Robertson-Dworet ha spiegato: “Non è mai stata nostra intenzione scegliere un unico finale e renderlo canonico perché ci conducesse agli eventi della serie televisiva.” Questa prospettiva rispecchia il senso di relatività della storia, molto simile a quanto accade nel videogioco stesso, dove le decisioni del giocatore influenzano profondamente il destino delle fazioni e della regione.
Tra i personaggi più attesi della nuova stagione figura Mr. House, il carismatico e misterioso fondatore di New Vegas, che nel videogioco rappresenta una delle opzioni strategiche per il controllo della città. La sua presenza nei trailer ha alimentato speculazioni su un possibile legame diretto con uno dei finali di New Vegas, ma la conferma degli showrunner della “nebbia di guerra” dissipa queste ipotesi.
Nel contesto della serie, Mr. House rappresenta un simbolo di potere e tecnologia, gestendo l’esercito di robot Securitron che protegge New Vegas. Altri gruppi come la Legione di Caesar e la Repubblica della Nuova California continuano a contendersi il territorio, mentre il protagonista della serie dovrà navigare tra alleanze instabili e tradimenti, riflettendo la complessità e le sfumature tipiche dell’universo Fallout.

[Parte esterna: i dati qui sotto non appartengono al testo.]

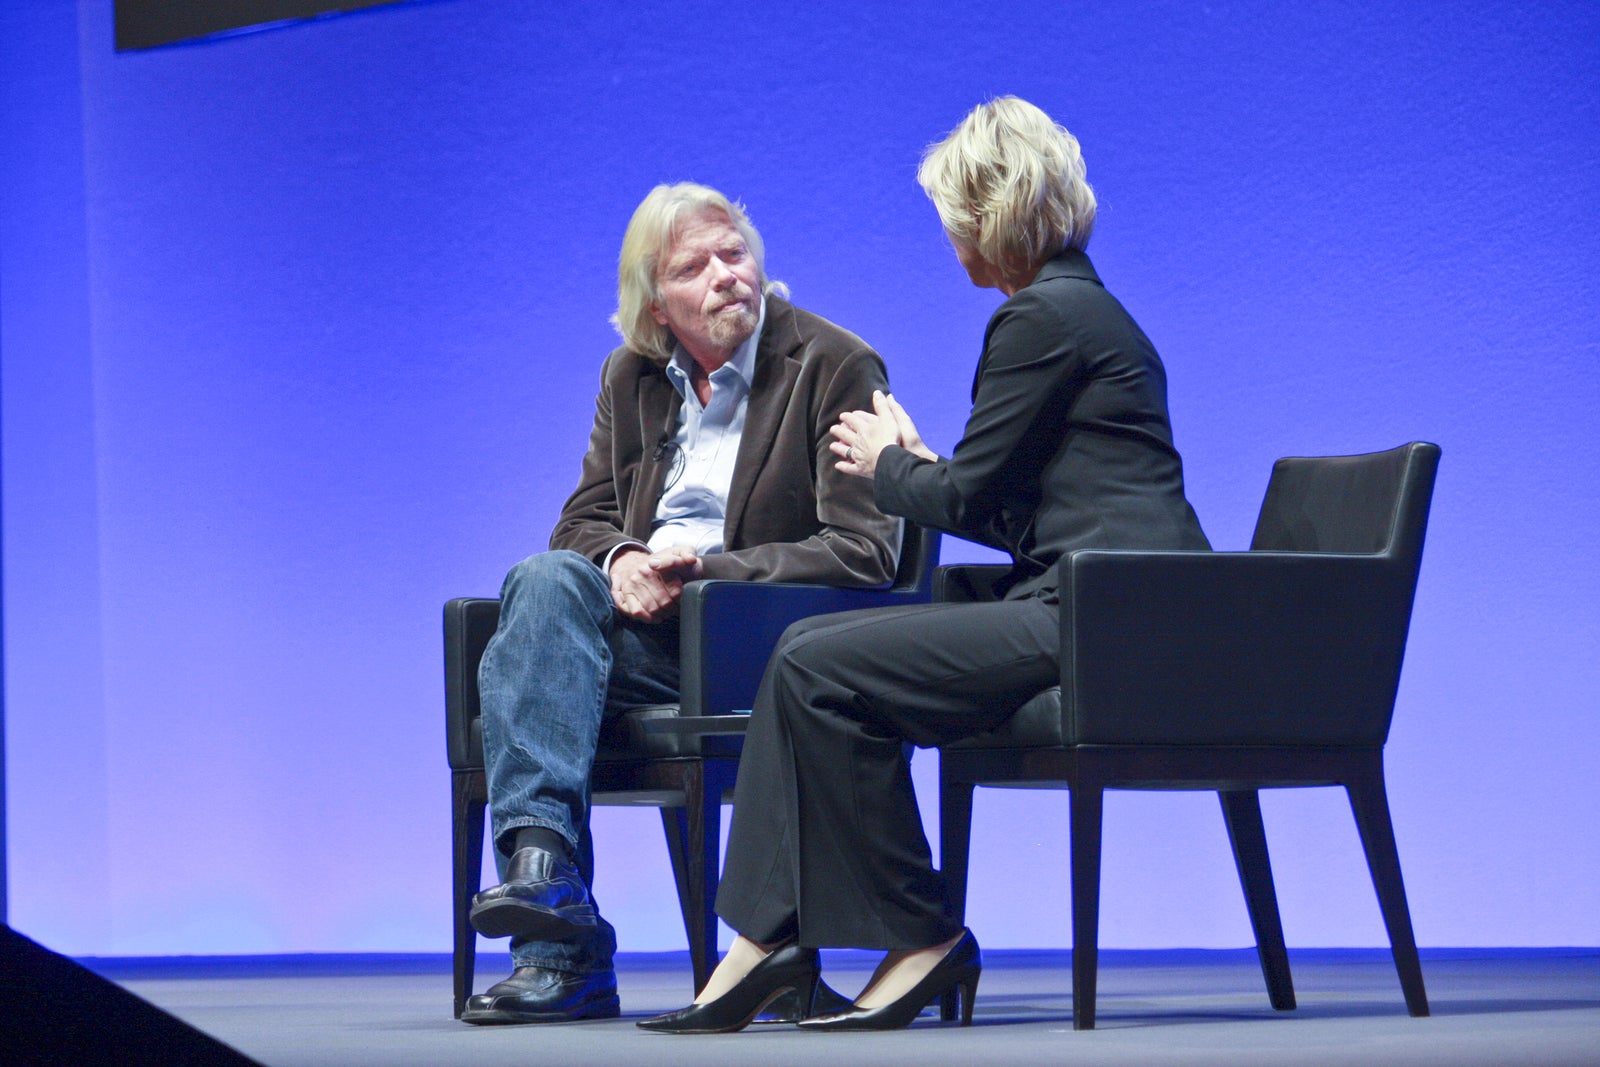 FRANKFURT GERMANY - MAY 17: Richard Branson Founder and President of Virgin Group answering to SAP moderator in his keynote at SAPPHIRE conference of SAP company MAY 17 2010
** Note: Slight graininess, best at smaller sizes

Nel videogioco Fallout: New Vegas, il protagonista – il Corriere – si ritrova coinvolto in una trama di potere che lo porta a scegliere tra diverse fazioni, ognuna con visioni e obiettivi contrastanti. Questa molteplicità di finali ha ispirato la serie a non imporre un’unica verità, ma a rappresentare tutte le fazioni come convinte della propria vittoria, contribuendo così a mantenere aperto il dibattito narrativo.